Another thing to put on the wish list, as long as I am conceiving my next project before the idea itself comes into sharp focus? It needs to be short. I don’t mean a short story or a novella, but it can’t be another Inca where we get the life story of a man in his seventies retelling the decline and fall of his civilization. I can’t be signing up for a two- or three-year writing project five months before my wedding day. There are just way too many things that are going on in my world for me to say, “Today’s ten pages put me 1% of the way towards finishing the first draft.” I need to shoot for a 200- to 250-page manuscript, which coincidentally is going to be a much easier sell to an agent when I try to get traditionally published anyway.

So not a big sweeping nose-to-tail historical epic. Something intimate. Something that happens in a reasonable timeframe of days and months instead of years and decades. Maybe even what might be called a mood piece.

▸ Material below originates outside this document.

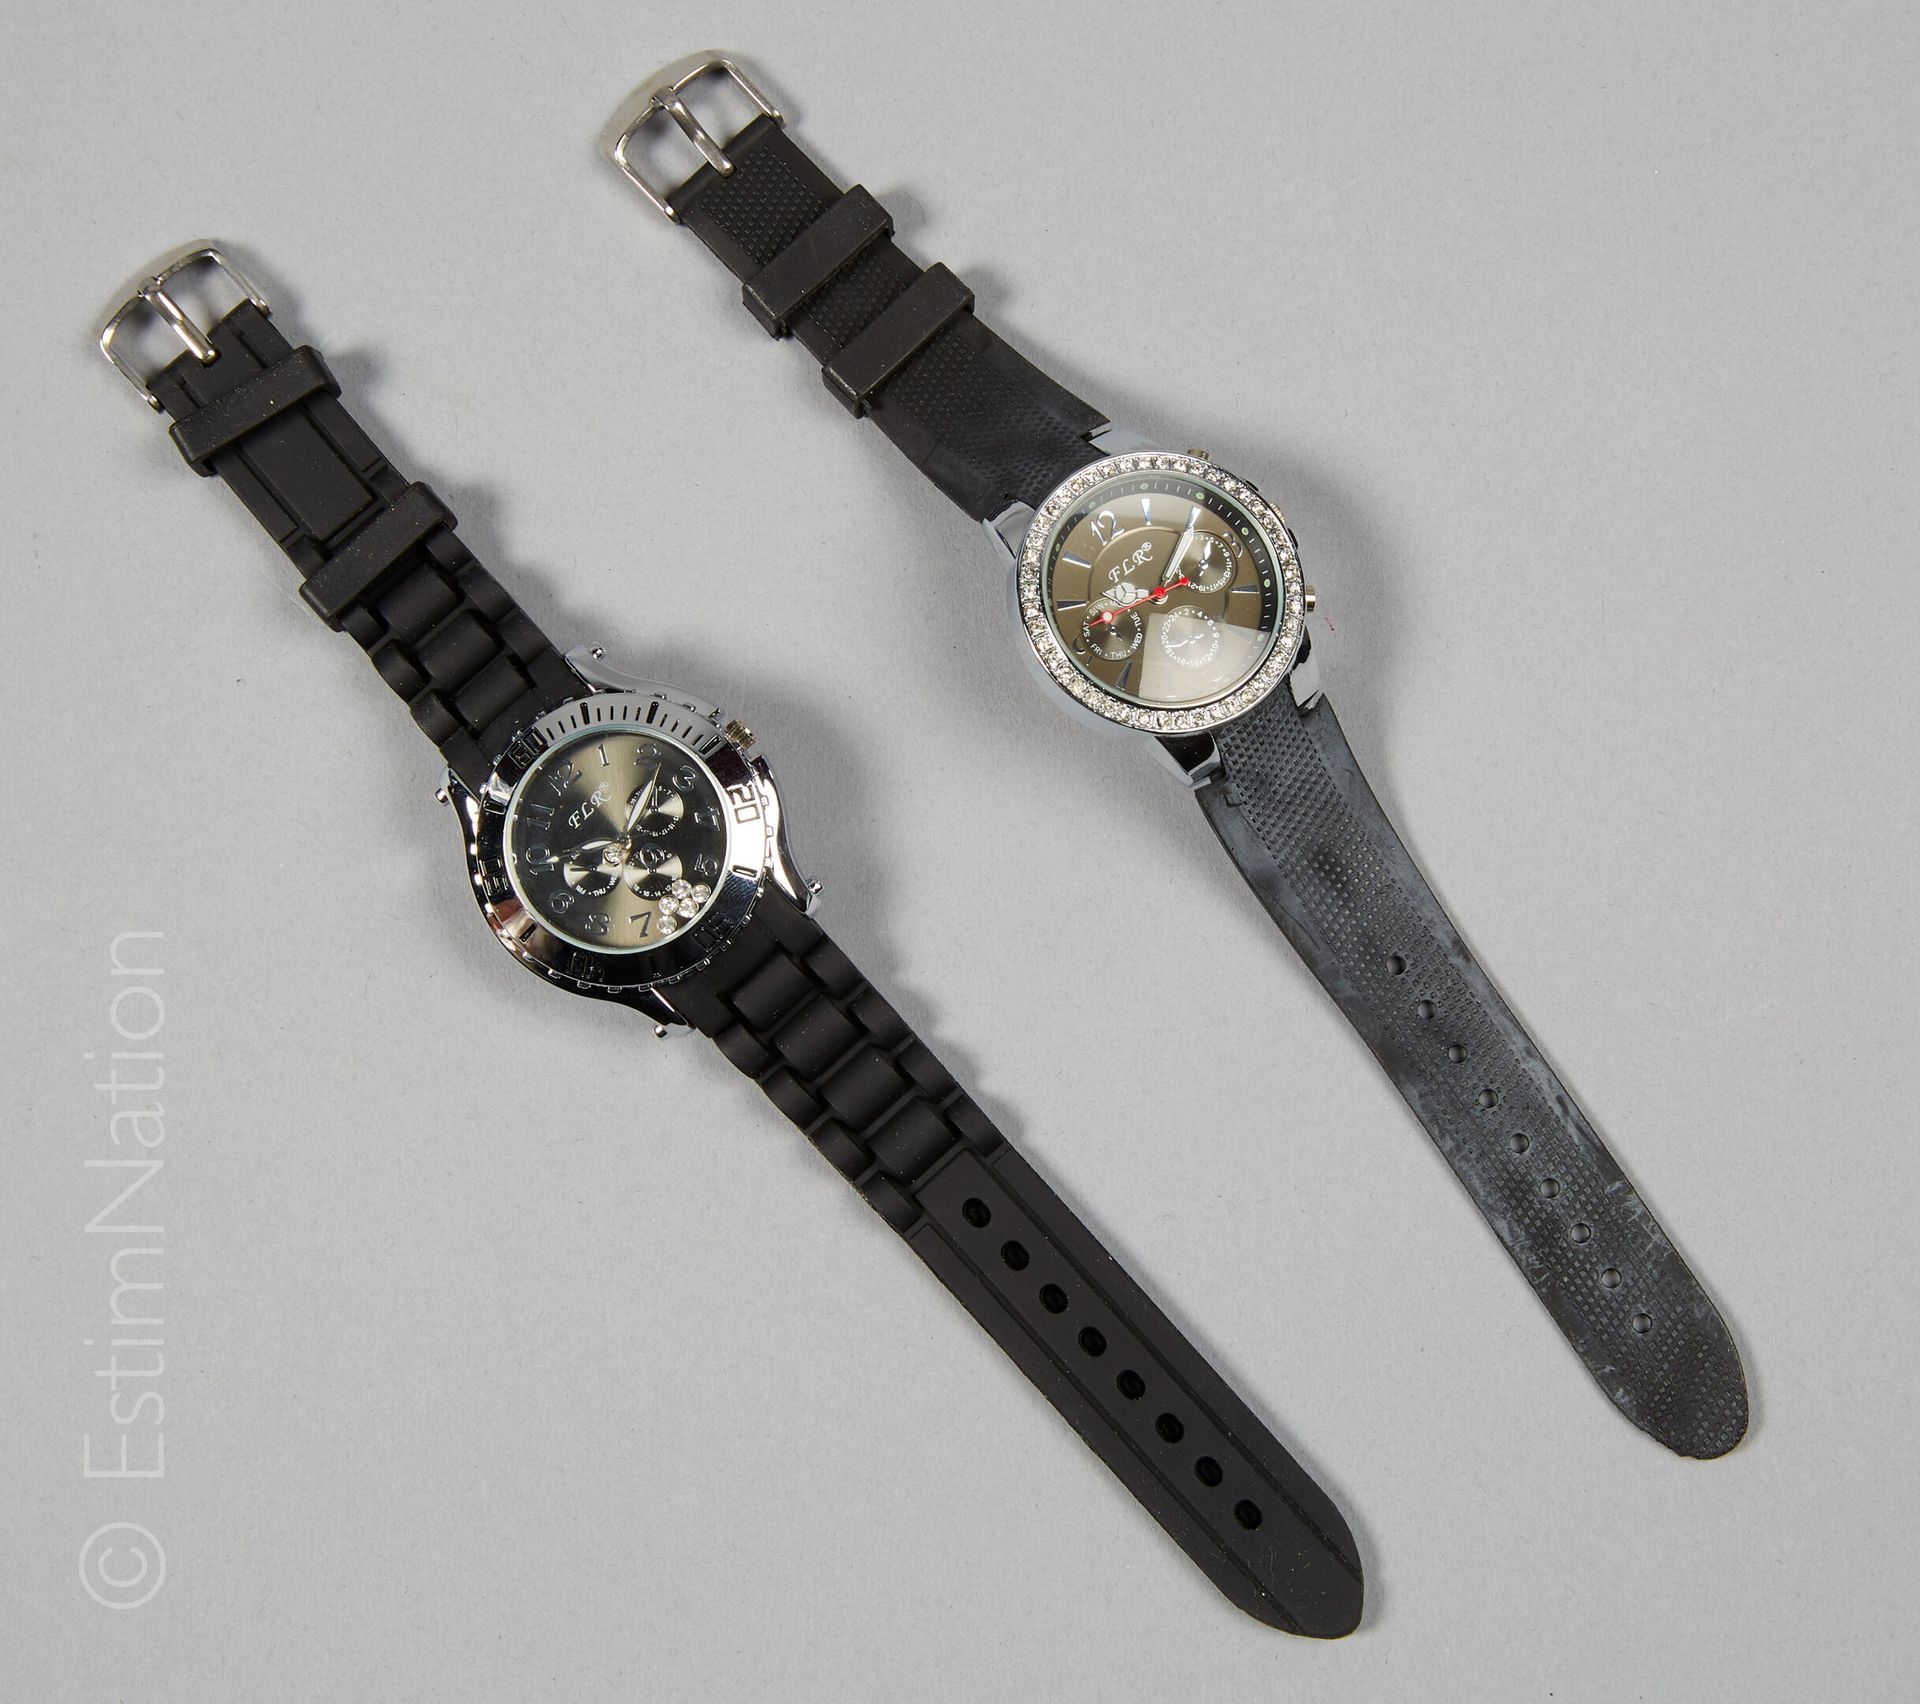 LOT DE MONTRES Lot of two wrist watches brand FLR quartz movement (new batteries&hellip;

To expand upon what I mean by ‘mood piece,’ I think a lot of great fiction is a reflection of its time. Do you think people are generally happy with the way things are going right now? There is a conversation starter among Roman history enthusiasts that often goes something like, “Do you think people in the decline of the Roman Empire knew it was in decline?” Twenty years ago I think there were a lot more people on the side of, “No, they were born into a world of turmoil, and they lived their lives in that world,” whereas today I think most people can say, “I was happier twenty years ago than I am today, and I don’t think things are getting better. The world is a darker place today than it was in the 90s.”

Isn’t there a way to write something like that into Roman history? Lord knows they had their dark times. How did people ride out the storms? What was life like not on the high points but on the downward slopes? Where are the family stories—especially families with important parts played by women— that would make a satisfying read that reflects how we see ourselves all these centuries later?

I’m chewing on it. Clearly, I’m chewing on it. I won’t wait six months to do an update. I’ll let you know when I find the story I want to share.

Anyway, that’s the news from me today. Cheers!